Given material —
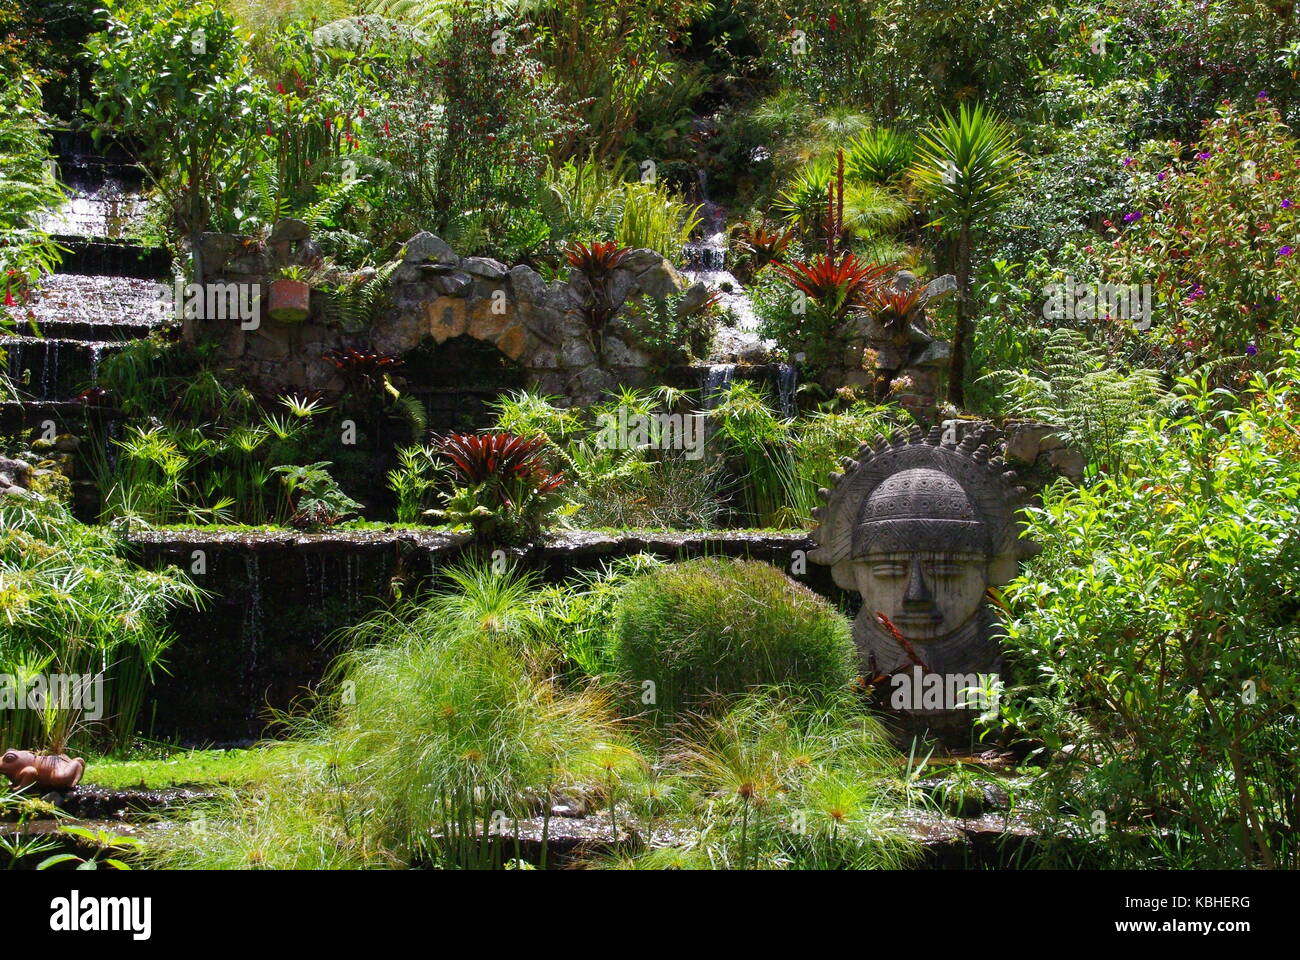 The Garden at the base of Monserrate, Bogota, Colombia Stock Photo
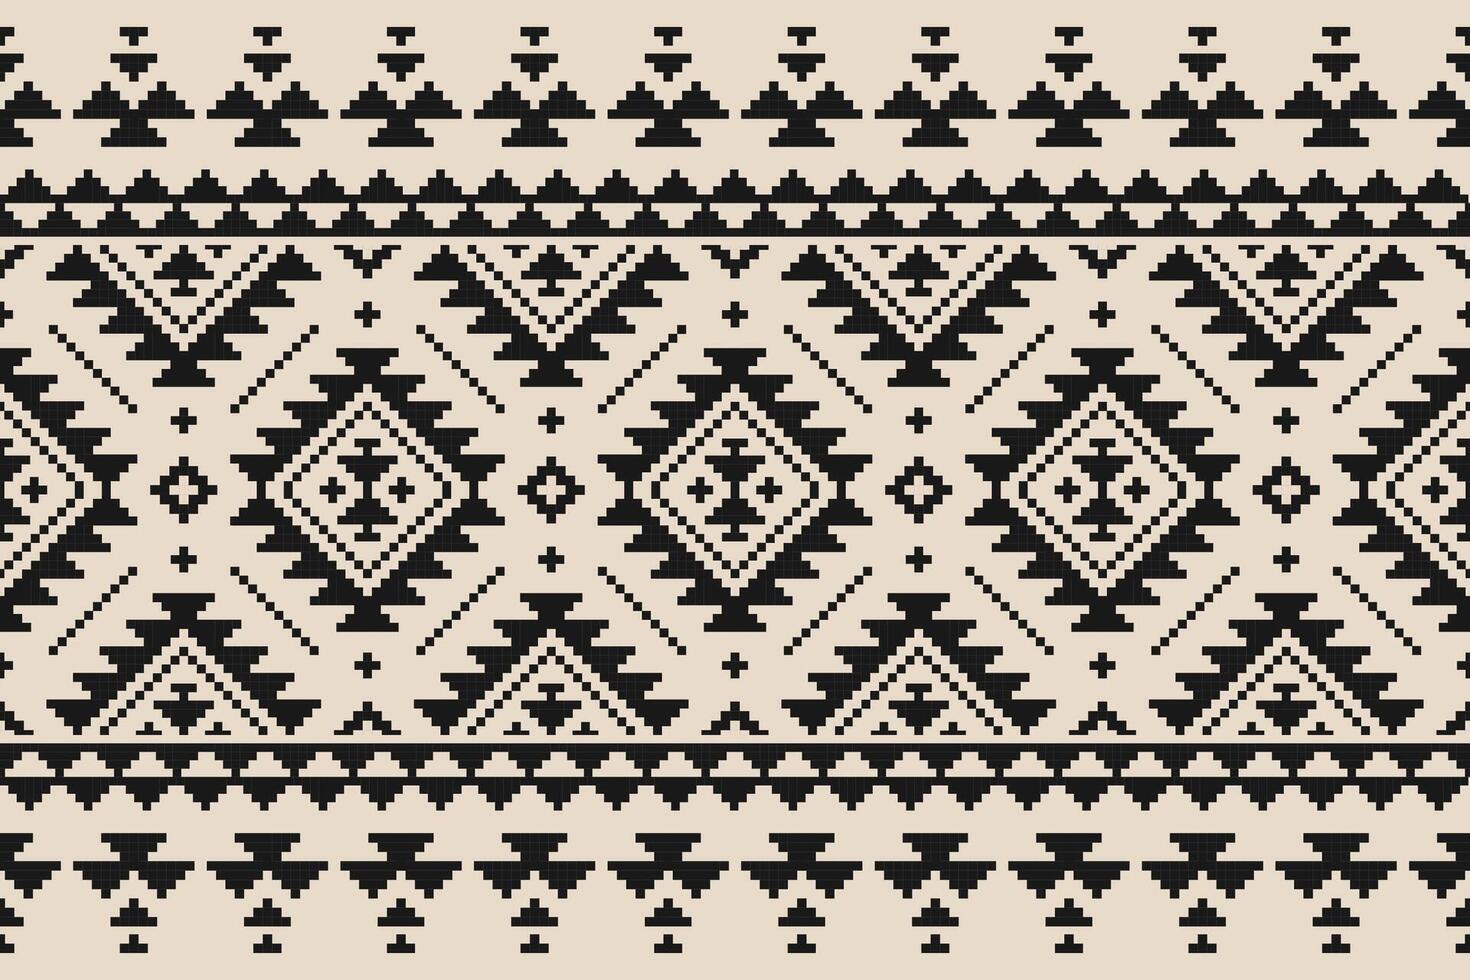 Carpet tribal pattern art. Geometric ethnic seamless pattern traditional. American, Mexican style. Design for background, wallpaper, illustration, fabric, clothing, carpet, textile, batik, embroidery. vector
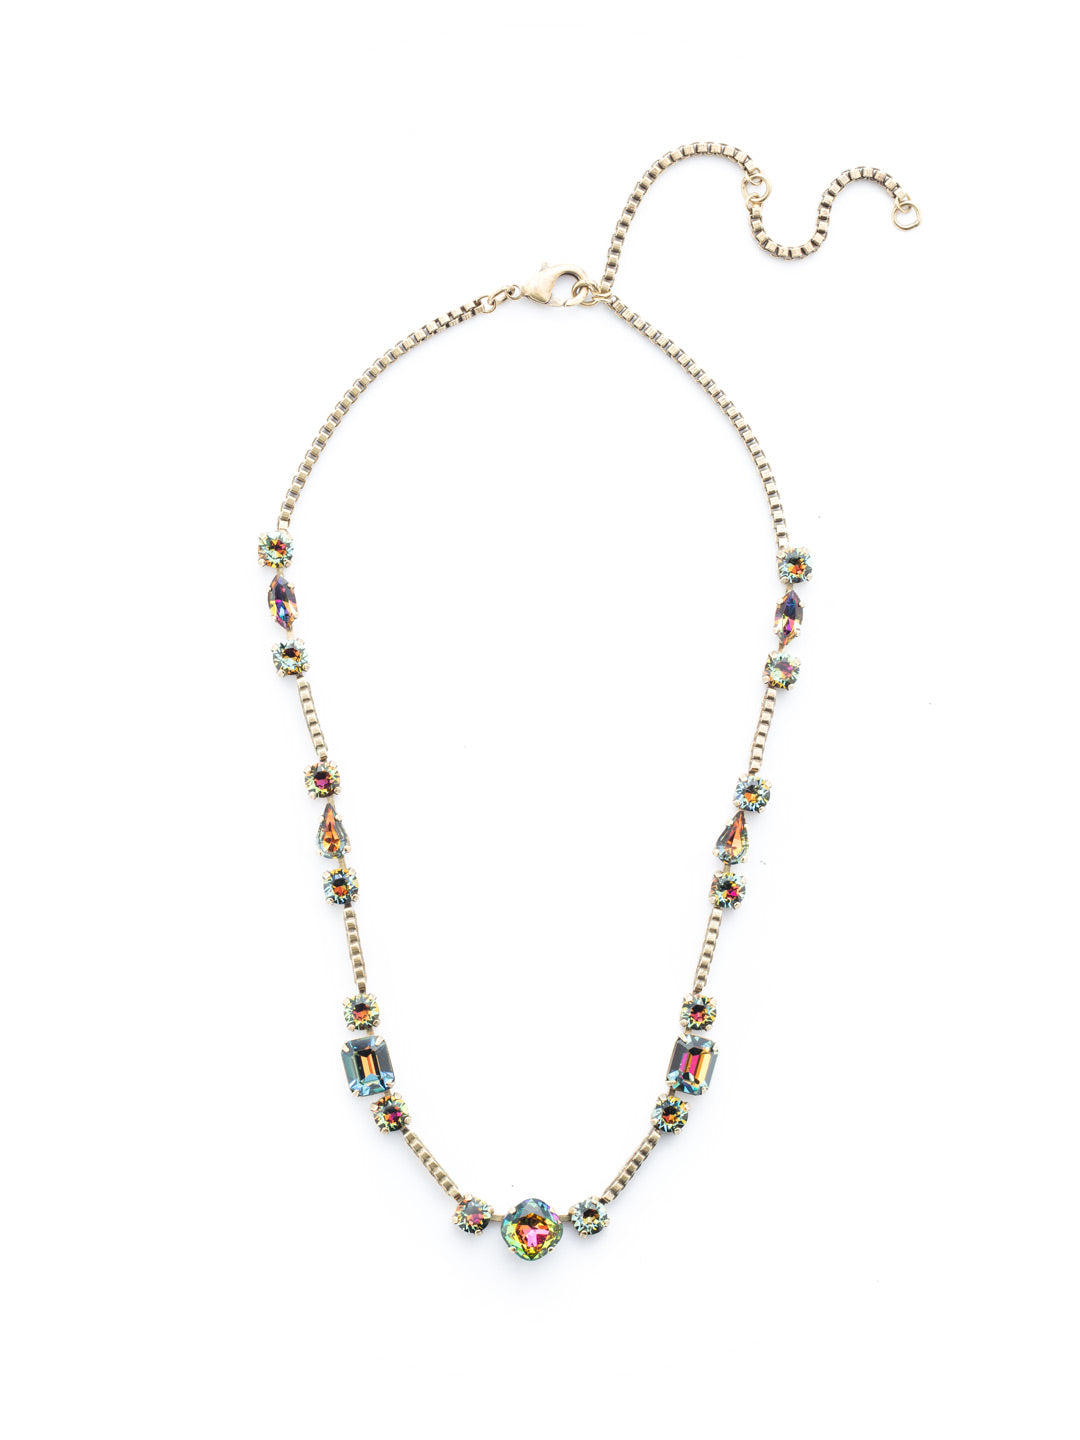 Poppy Tennis Necklace - NEN18AGVO - <p>The Poppy Tennis Necklace is anything but ordinary. Wear it all when you combine classic, baguette and navette sparklers. It's structured and sophisticated. From Sorrelli's Volcano collection in our Antique Gold-tone finish.</p>

What to do —
Give back the material exactly as written, images excluded.

Output —
 The Garden at the base of Monserrate, Bogota, Colombia Stock Photo
 Carpet tribal pattern art. Geometric ethnic seamless pattern traditional. American, Mexican style. Design for background, wallpaper, illustration, fabric, clothing, carpet, textile, batik, embroidery. vector
 Poppy Tennis Necklace - NEN18AGVO - <p>The Poppy Tennis Necklace is anything but ordinary. Wear it all when you combine classic, baguette and navette sparklers. It's structured and sophisticated. From Sorrelli's Volcano collection in our Antique Gold-tone finish.</p>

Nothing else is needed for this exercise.